Варя вдруг встрепенулась и села. В комнате по-прежнему было темно, но ей показалось, что стало светлее. Она все время чувствовала, что в этой истории было какое-то противоречие, и оно заключалось даже не в словах той женщины, а в чем-то еще… И теперь она поняла, в чем дело. «Если Андрей был давно с нею знаком – почему они только в вагоне обменялись телефонами? Они виделись в Питере – несомненно, ведь Андрей снимал ее, а она – его! Как же они встречались, если у него не было ее телефона?! У нас в номере телефон был, но чтобы дать этой женщине номер, Андрей тоже должен был знать ее питерский телефон! Черт-те что! Зачем он написал его на салфетке? Потерял? Забыл? Попросил повторить? Не знаю… Не думаю».

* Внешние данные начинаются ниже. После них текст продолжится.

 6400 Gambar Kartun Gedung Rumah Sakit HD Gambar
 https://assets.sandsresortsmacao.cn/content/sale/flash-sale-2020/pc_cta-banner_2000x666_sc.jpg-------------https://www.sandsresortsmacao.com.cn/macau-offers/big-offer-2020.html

Сон как рукой сняло. Будь сейчас ее воля – Варя среди ночи выбежала бы в поисках мастерской, где могли бы отпечатать фотографии. Пленка лежала у нее в сумочке – она держала ее в одном конверте с письмом Лизы и снимком Дубовской. Туда же она вложила салфетку – ей хотелось, чтобы все эти вещи были вместе. «Это не та женщина, другая! – стучало у нее в висках.

– Женщина из вагона-ресторана и женщина, которую опознала на снимках Лиза – не одно лицо! Хотя… Что это я?! Мать Лизы видела снимок – не могла же она не узнать родную сестру! А Лиза не могла не узнать родную тетку! Значит, это одна и та же… Но тогда – чей телефон на салфетке?»